Ада дипломатично отмалчивалась и гадкие темы не поддерживала, уводила разговор в сторону. Петька скрипел зубами от злости, но скандалить не решался — боялся Марьянкиного длинного языка, — и лишь с нетерпением ждал, когда же зять Борис опять увезет жену куда-нибудь подальше.
Как и Марьяна — и, скорее всего, не без ее влияния! — Ариадна ну совершенно не прониклась идеями благородного графского происхождения. Открыто не язвила, конечно, но даже от разговоров на эту аристократическую тему аккуратно уклонялась.
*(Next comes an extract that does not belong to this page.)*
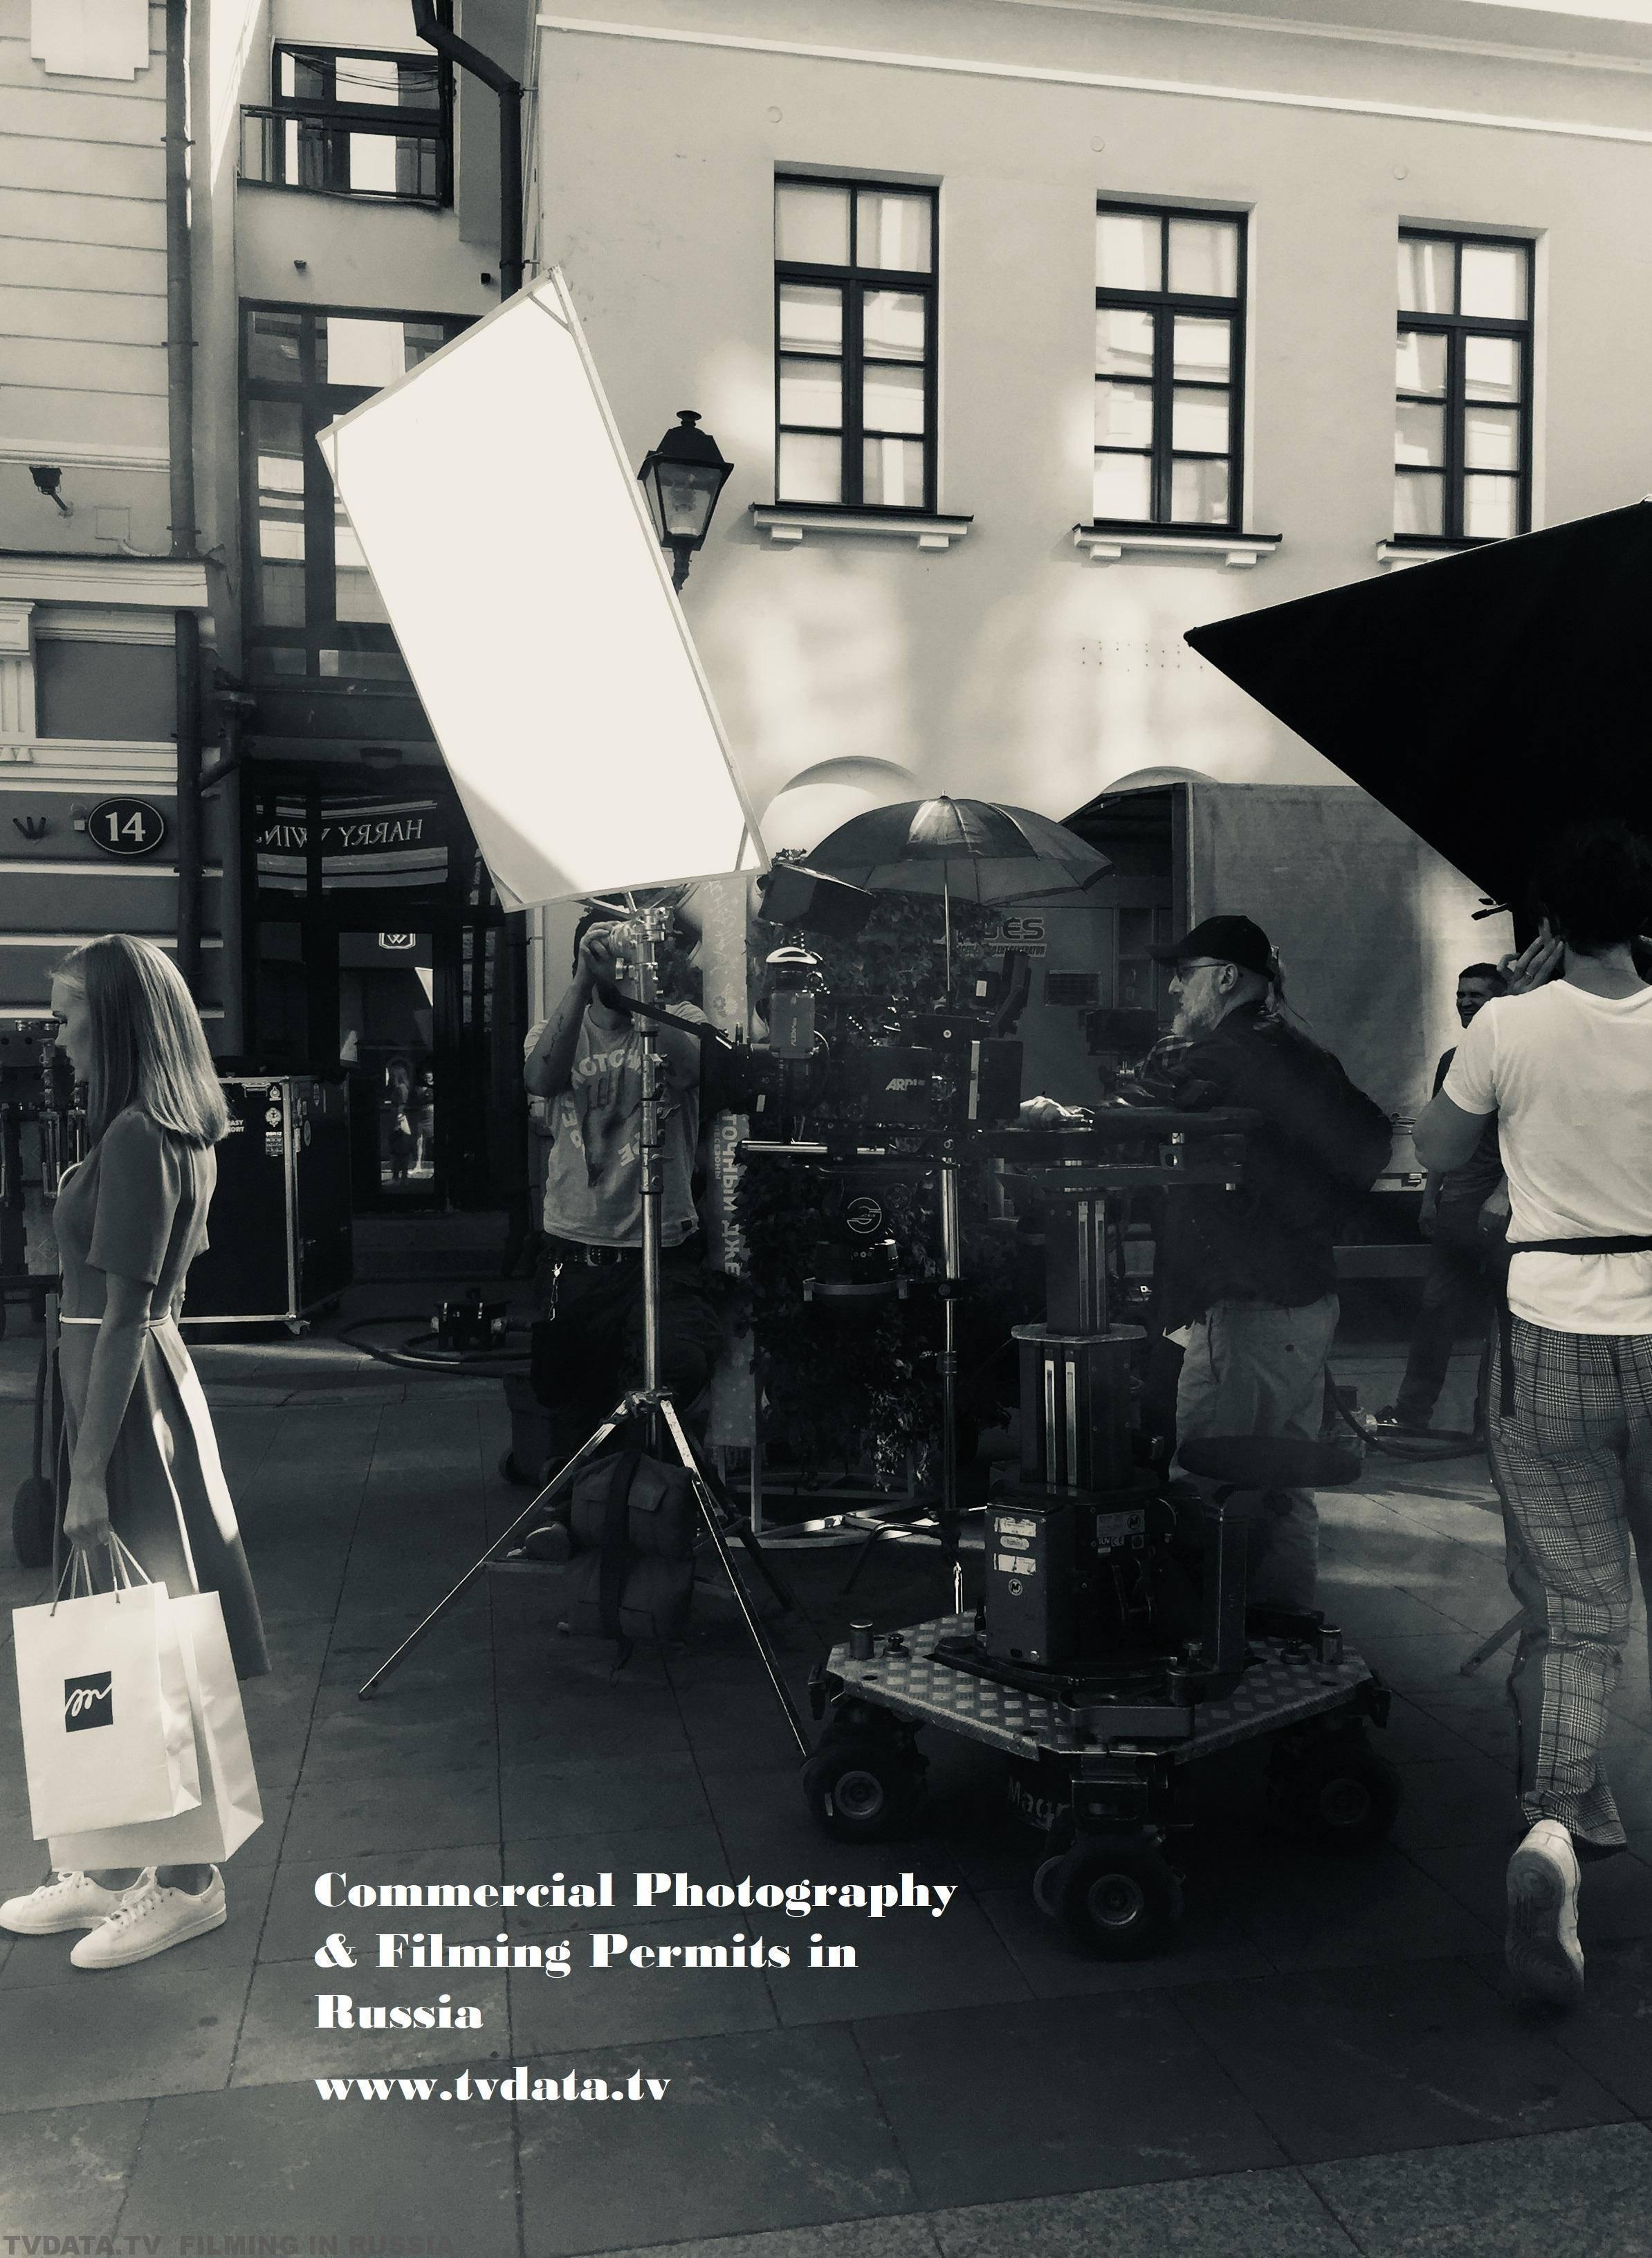 COMMERCIALPHOTOGRAPHY &FILMINGPERMITS IN RUSSIA

А Петьке ее помощь в этом вопросе была бы ох как нужна!
С некоторых пор граф озаботился важным и серьезным вопросом вступления в Дворянское Собрание. Он повадился ездить в солидное здание на Варварке и общаться с товарищами по голубой дворянской крови. В Департаменте Герольдии с ним беседовали довольно благосклонно, однако, для зачисления в вожделенную организацию почему-то потребовалось неприличное количество бумаг и бумажек, подтверждающих графские корни.
Бумажек отчего-то не сыскалось…
Мать отводила глаза и утомленно пожимала плечами, отфутболивая сына со всеми вопросами к папочке.
Папочка, старый партизан, на вопросы не отвечал или отвечал, но грубо. Привык, конспиратор, к тому, что в доблестной Советской Армии за дворянство можно было не то, что генеральских погон лишиться — голову сложить. Вот всю жизнь и косил под пролетария. В роль вошел — просто блеск!